BEGIN Supplied information

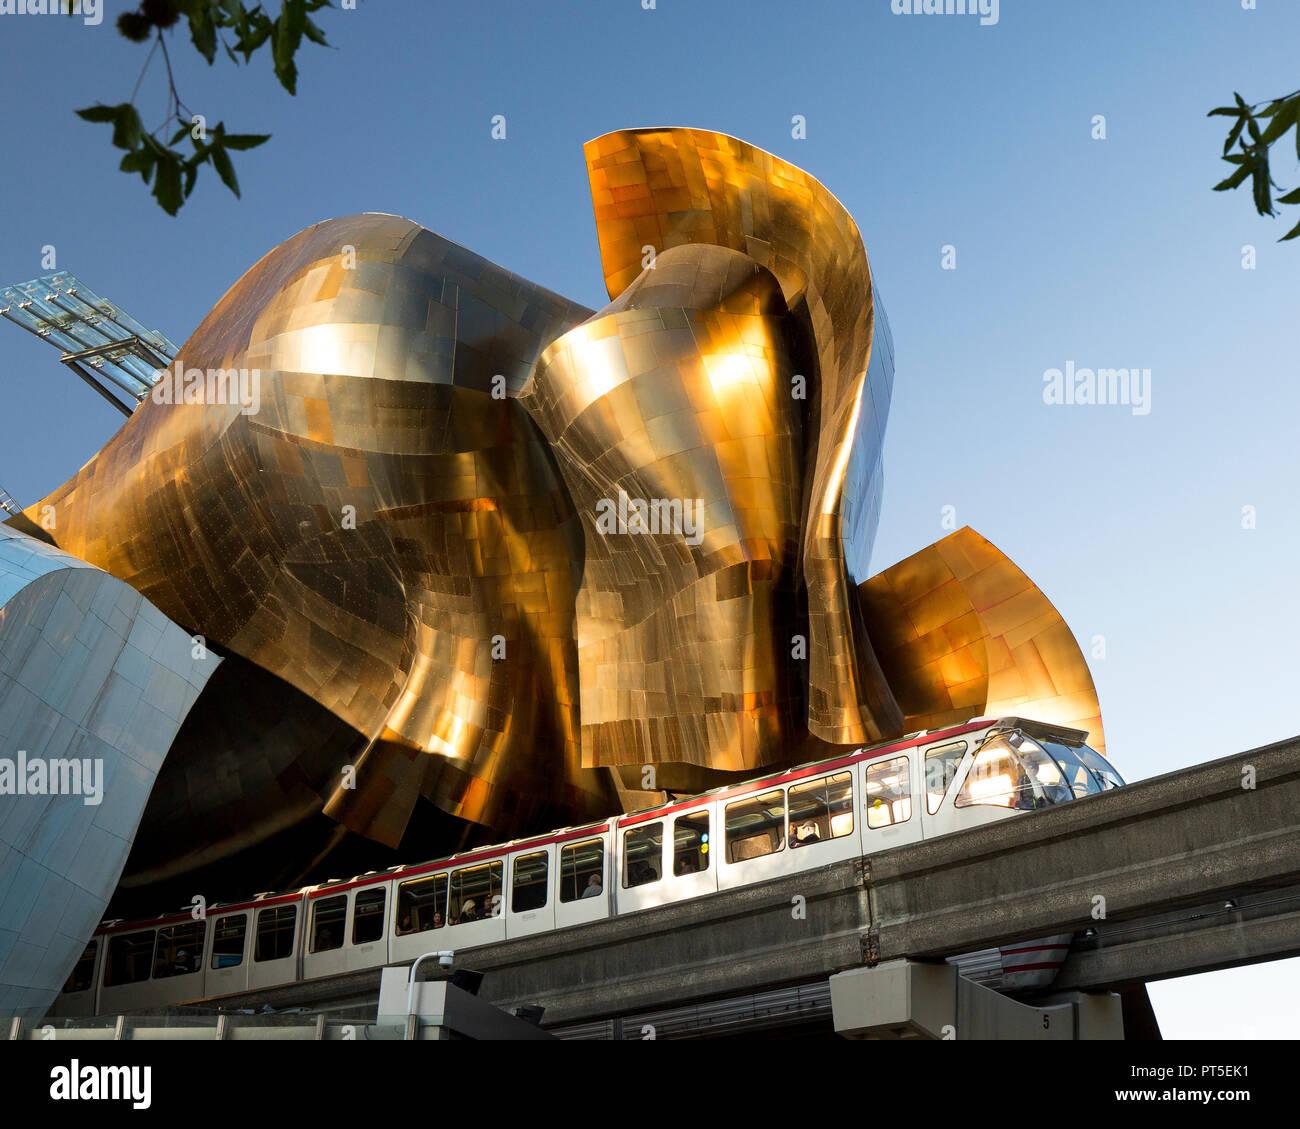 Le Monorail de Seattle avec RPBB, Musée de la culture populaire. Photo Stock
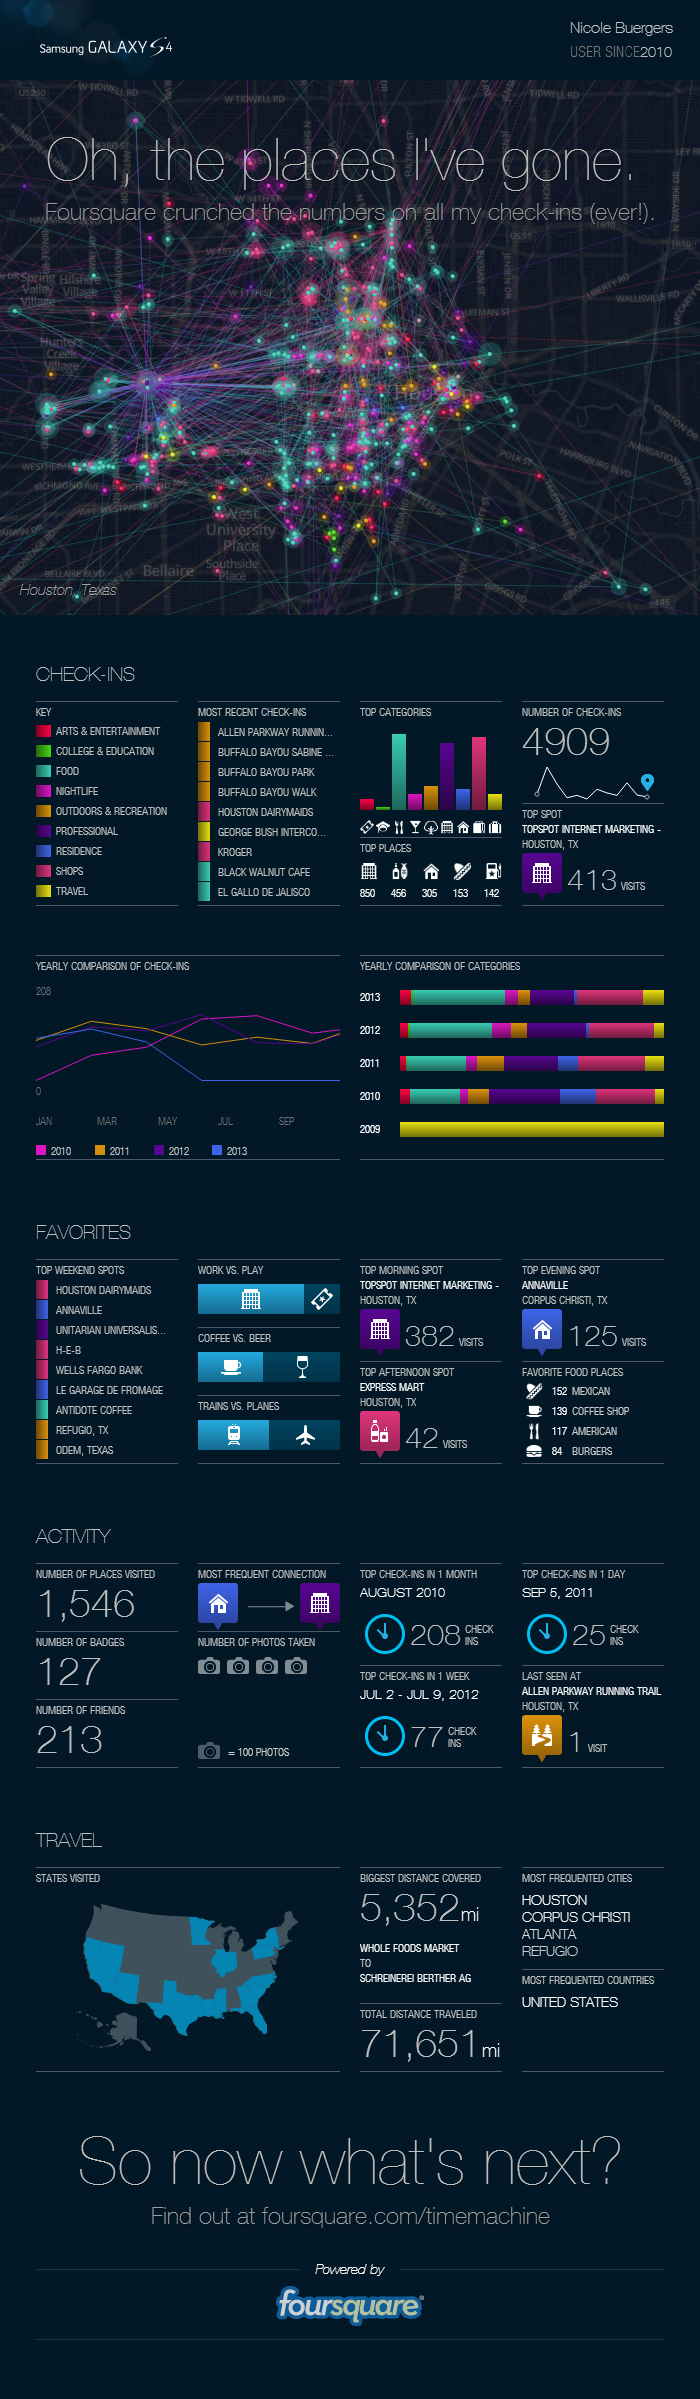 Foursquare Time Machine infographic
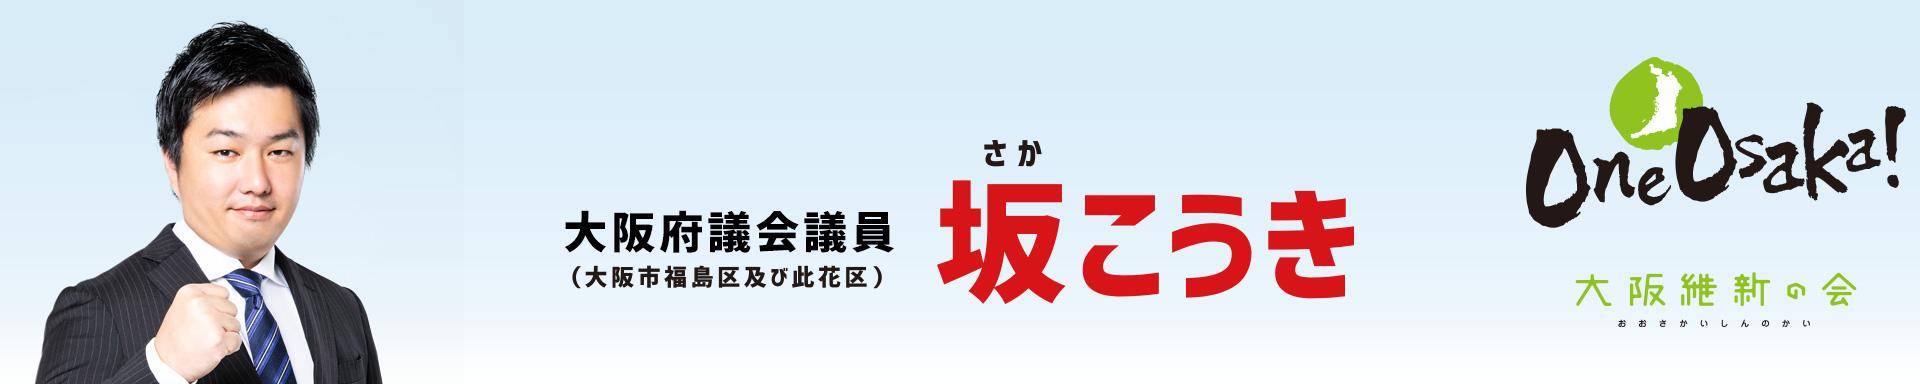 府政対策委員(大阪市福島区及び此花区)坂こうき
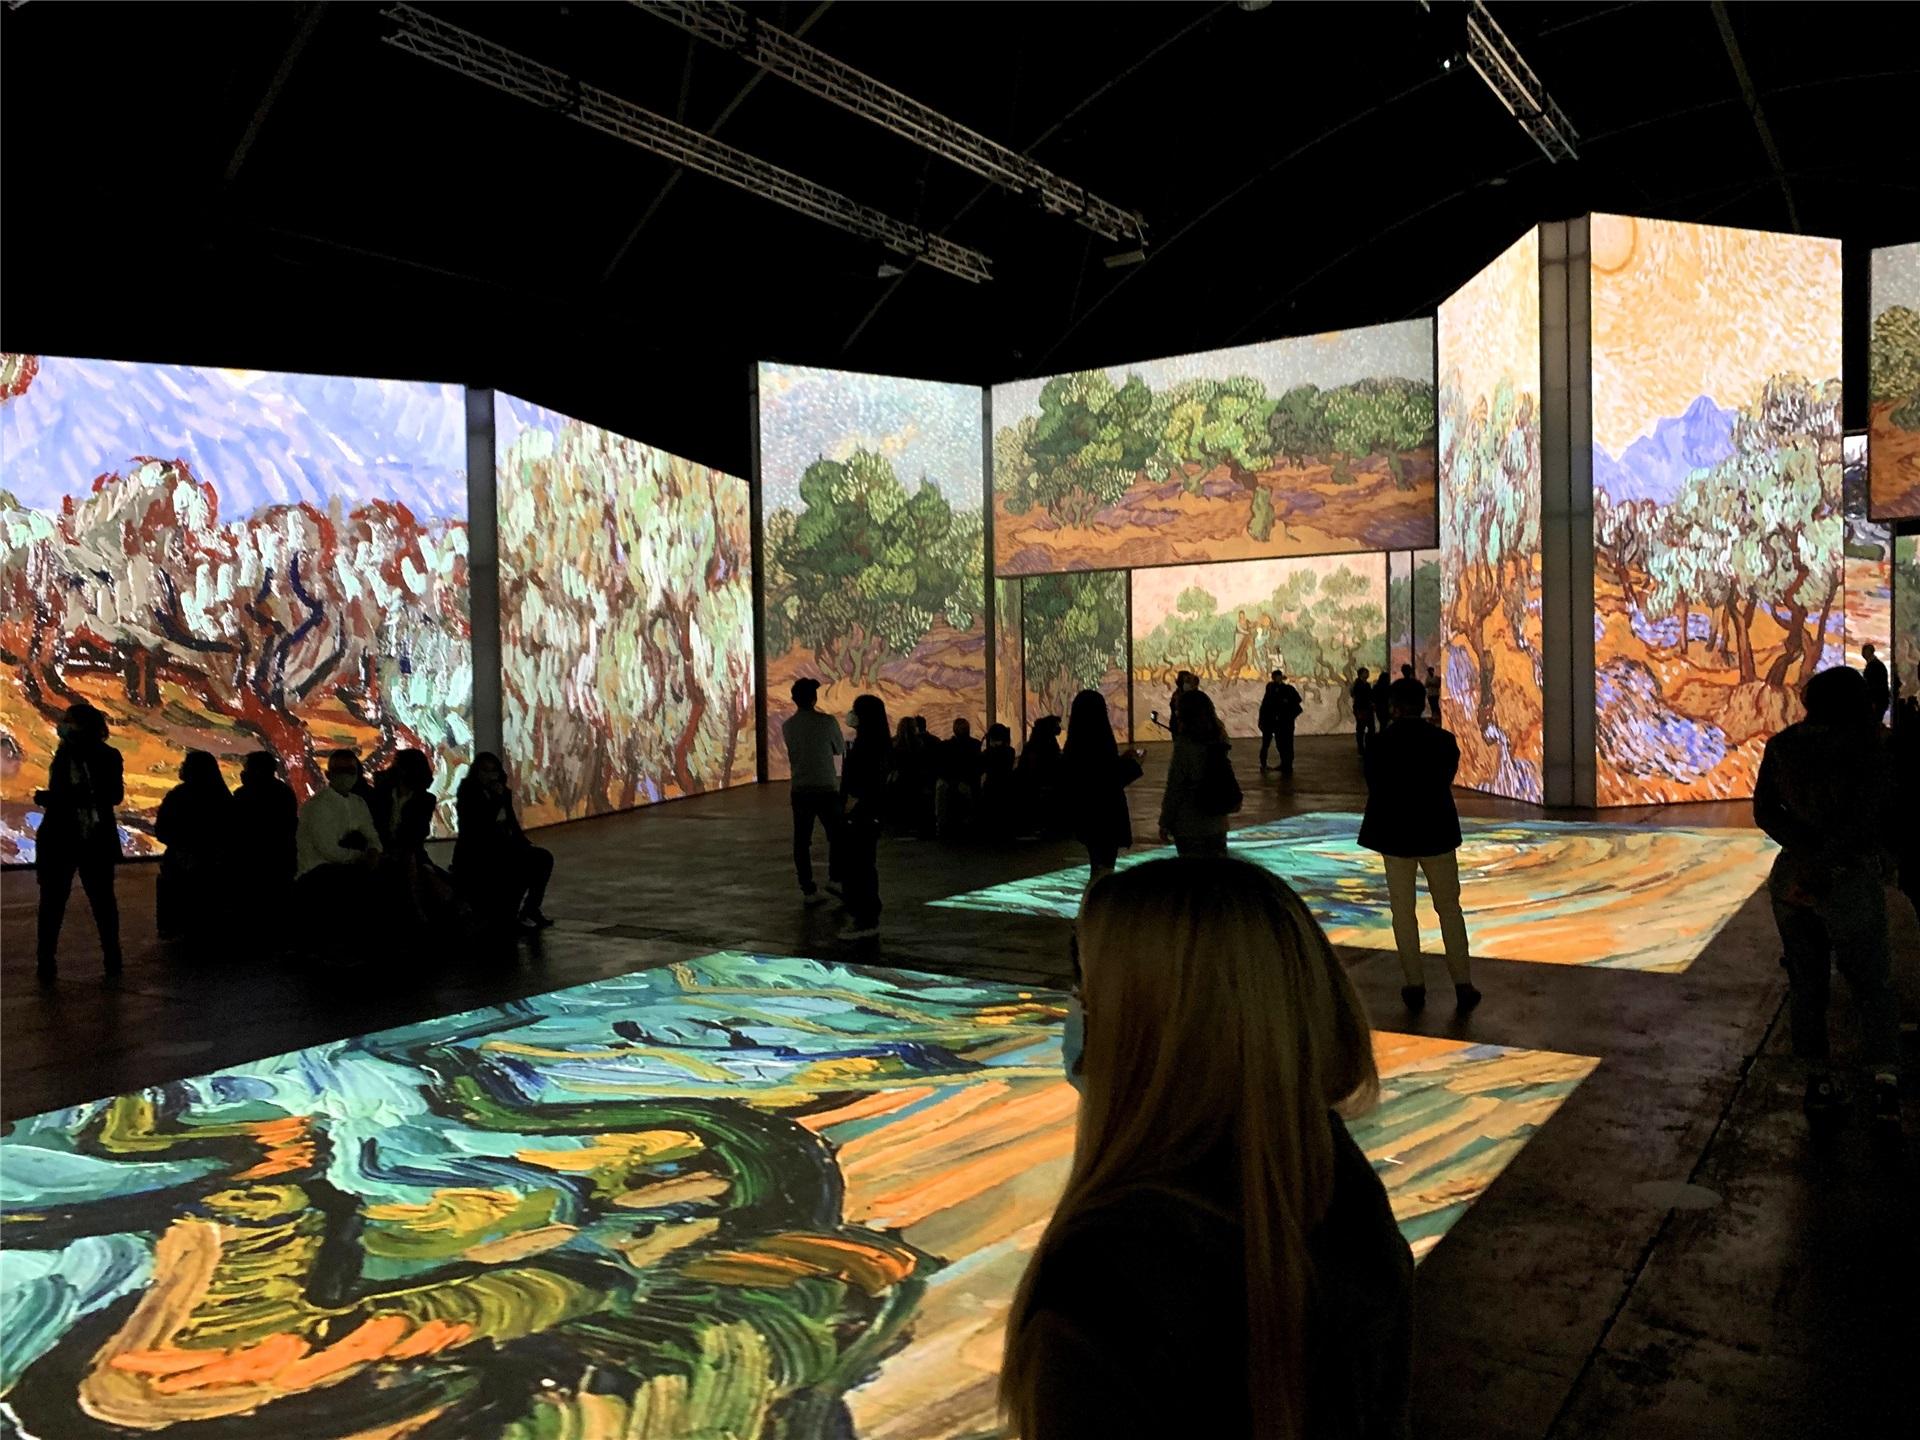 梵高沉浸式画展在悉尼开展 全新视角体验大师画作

END Supplied information

## [What is needed]
The whole listing must be transcribed exactly. No pictures belong in the copy.

## [Answer section]
 Le Monorail de Seattle avec RPBB, Musée de la culture populaire. Photo Stock
 Foursquare Time Machine infographic
 府政対策委員(大阪市福島区及び此花区)坂こうき
 梵高沉浸式画展在悉尼开展 全新视角体验大师画作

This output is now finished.